▶ _PROBLEM STATEMENT_:
Word for word, copy the lines from the one with "Die besten weißen" to the last line of the data below, counting both, and keep every picture out.

▶ _SUPPLIED DATA_:
Segment Open
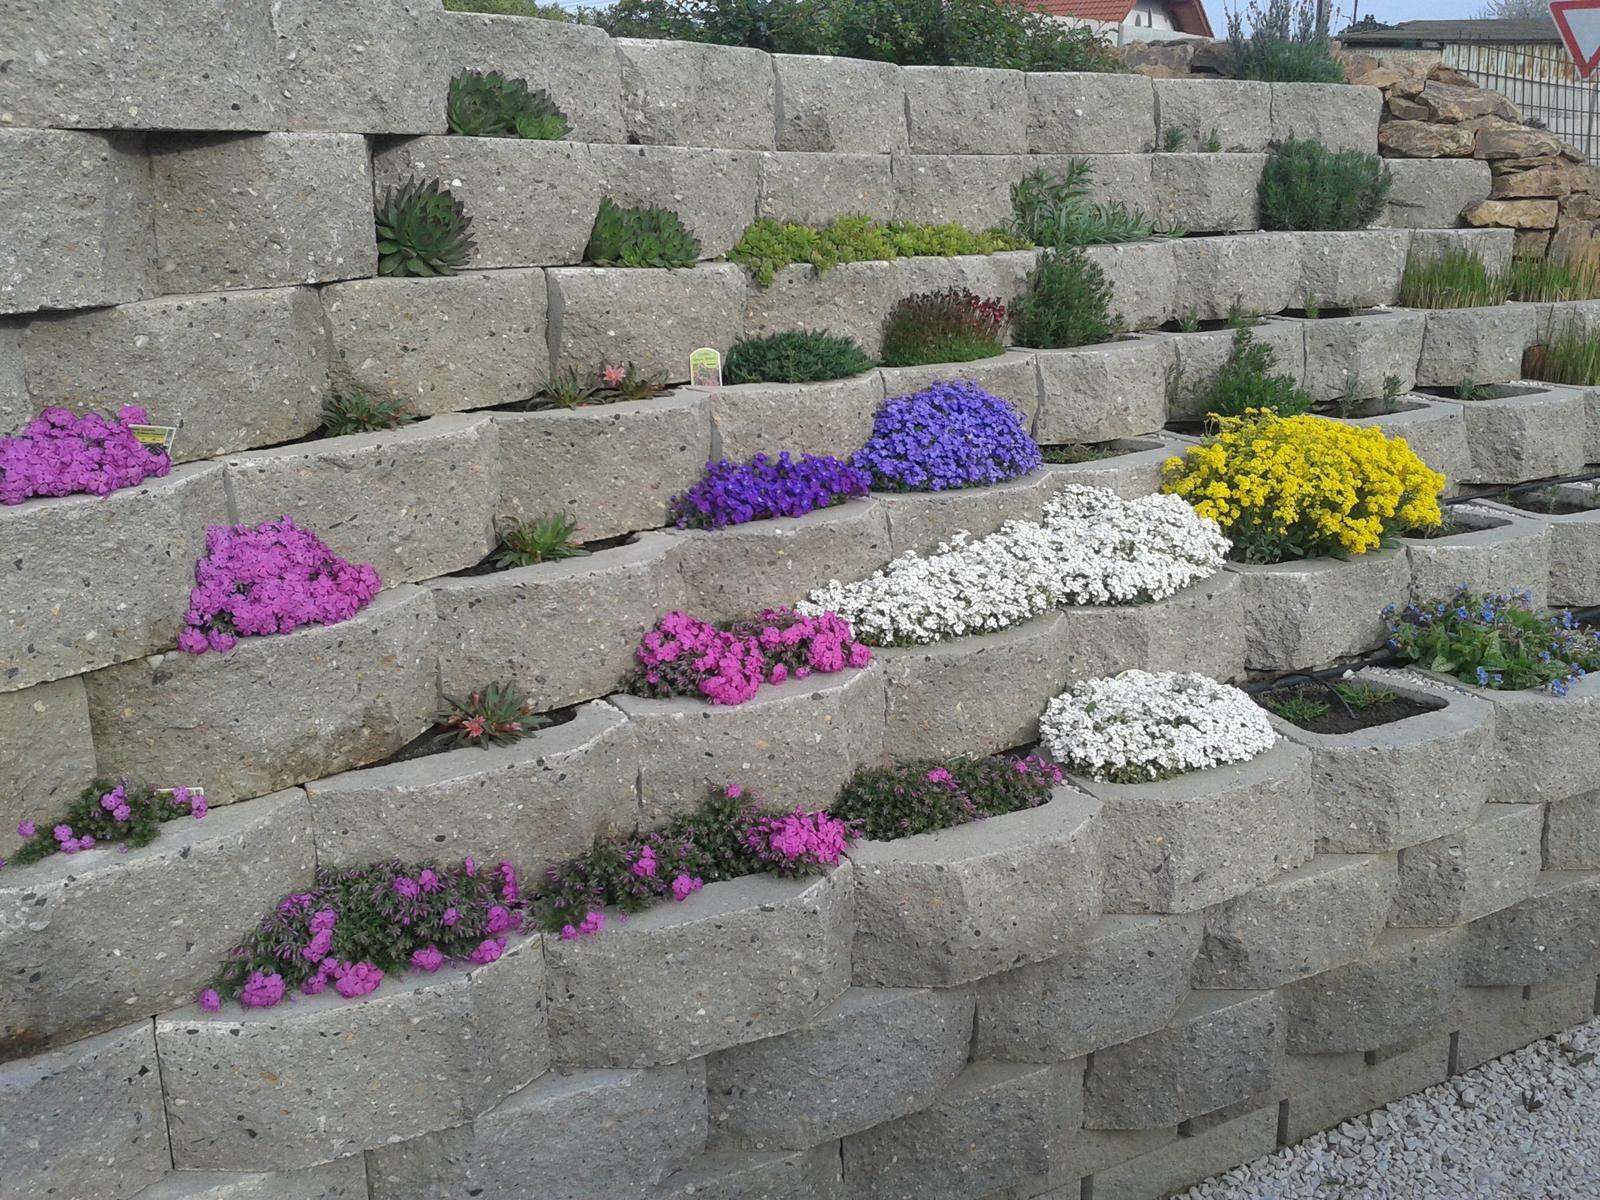 07 Vegetačný oporný múr sa na jar prebúdza ( rozšírené 19.6.2020 ) - 2014 - prvá neskoršia jar po dokončení
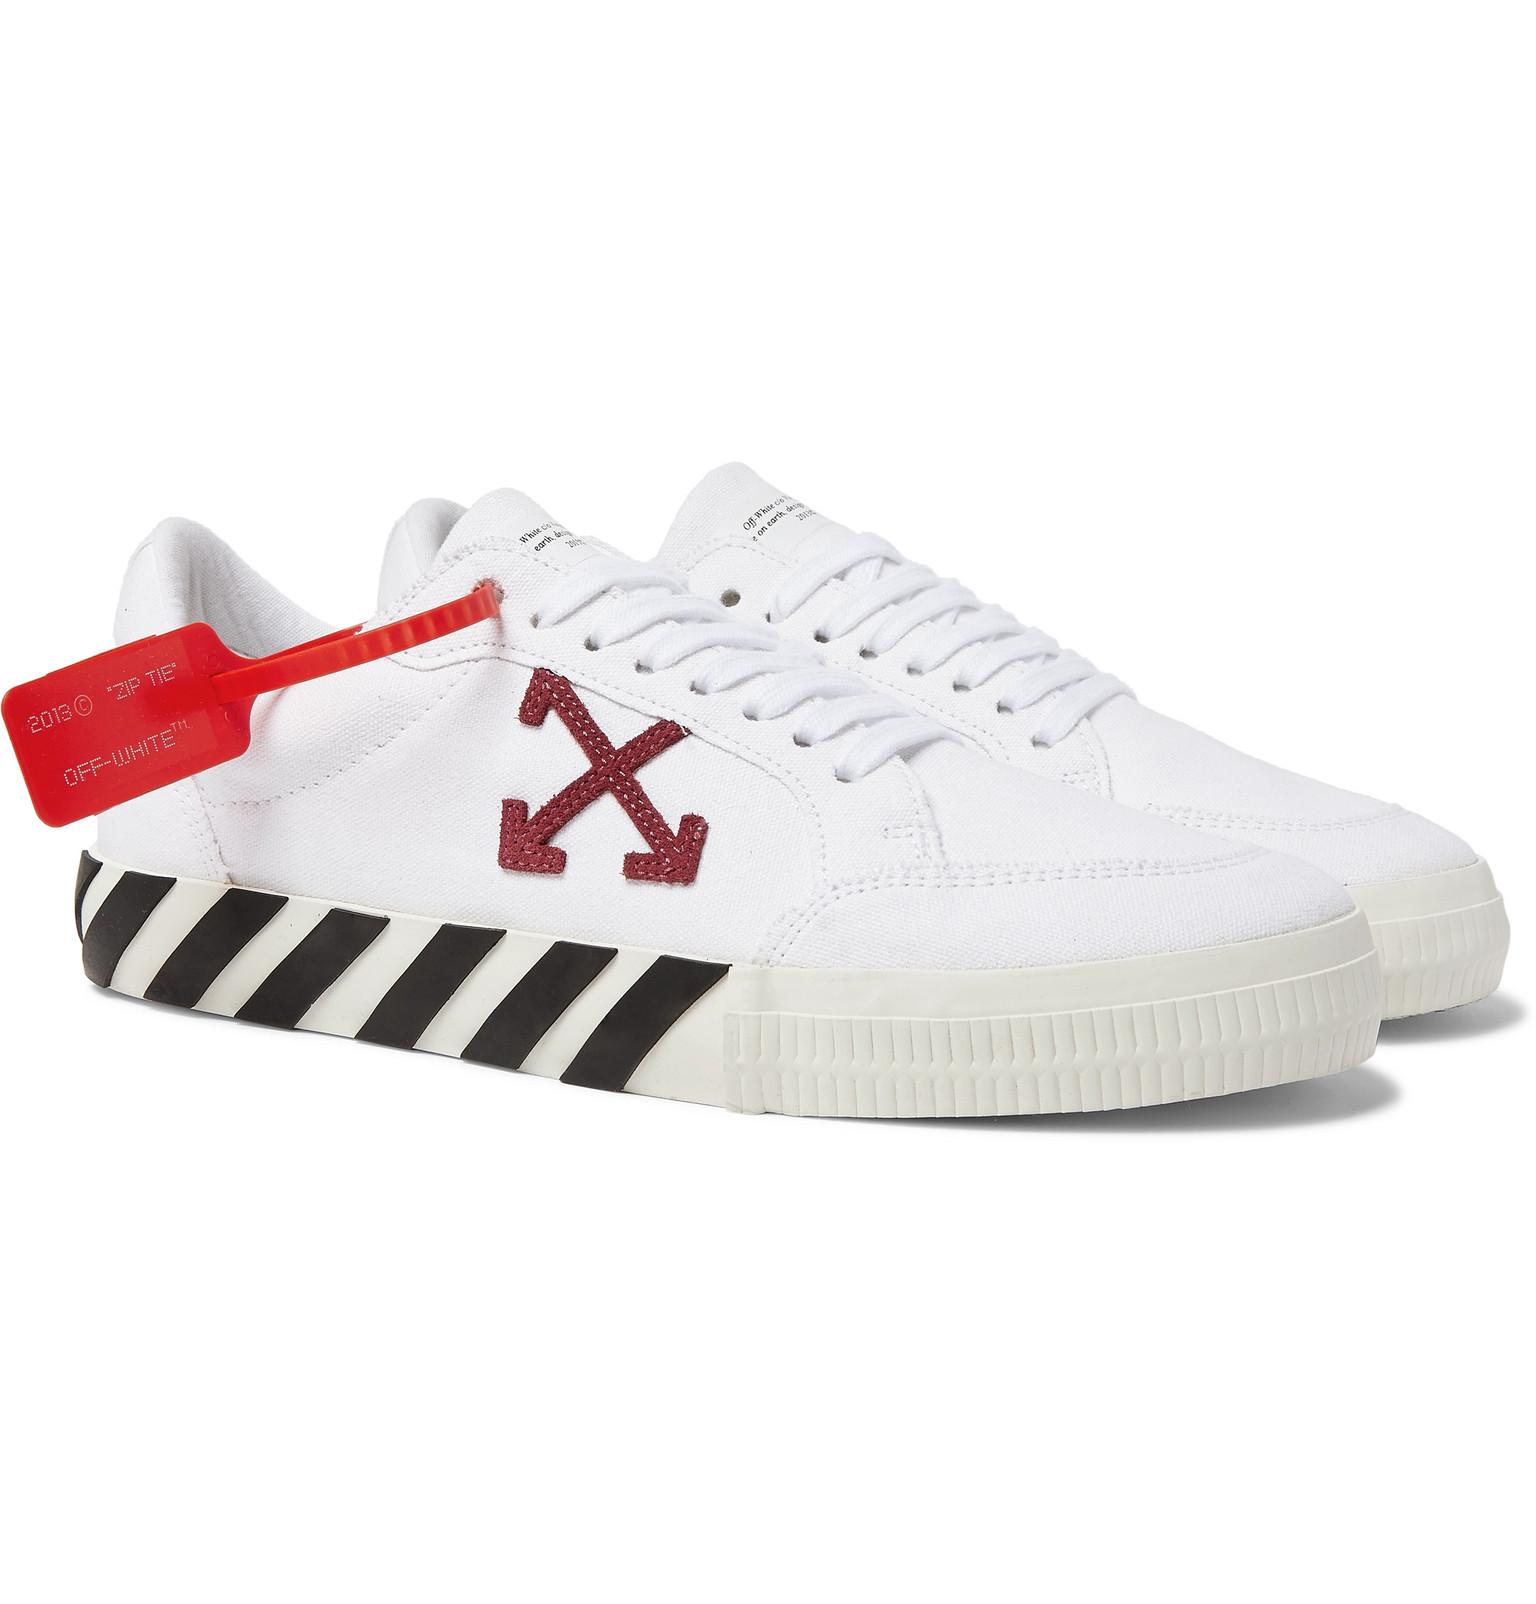 Die besten weißen Sneaker 2020: Off-White white sneakers
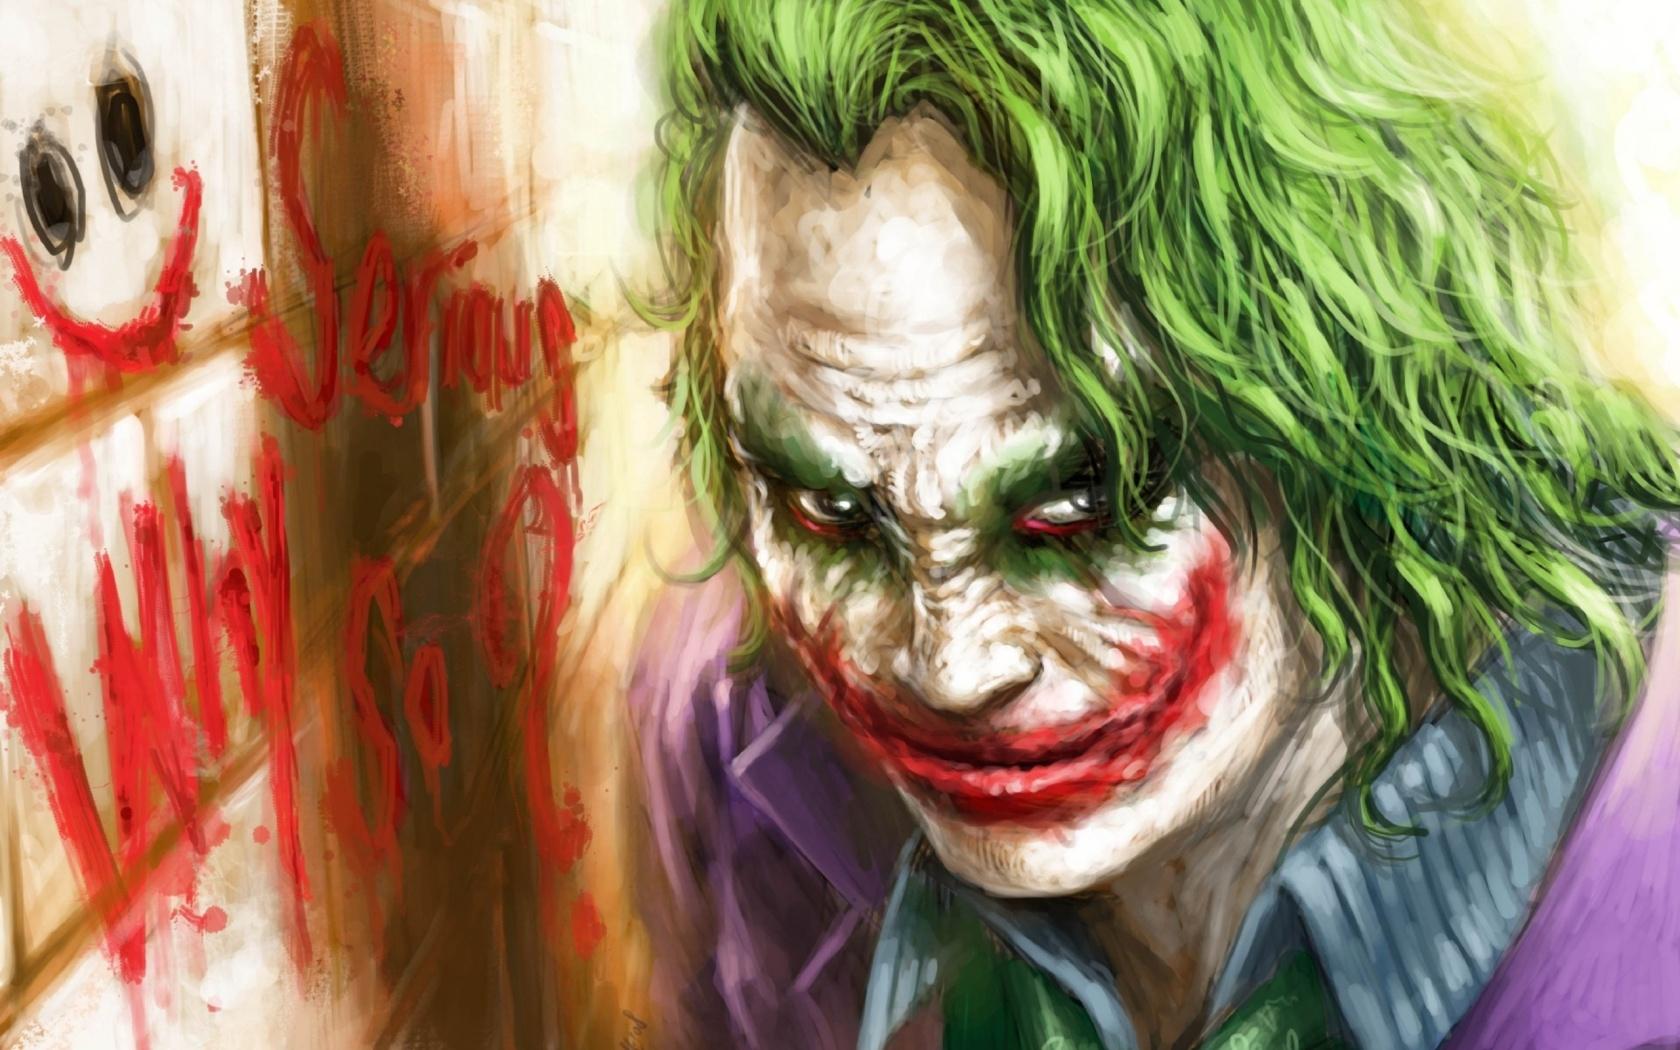 46+ Joker Wallpaper for Windows on WallpaperSafari
Segment Closed
▶ _SOLUTION TO THE PROBLEM_:
 Die besten weißen Sneaker 2020: Off-White white sneakers
 46+ Joker Wallpaper for Windows on WallpaperSafari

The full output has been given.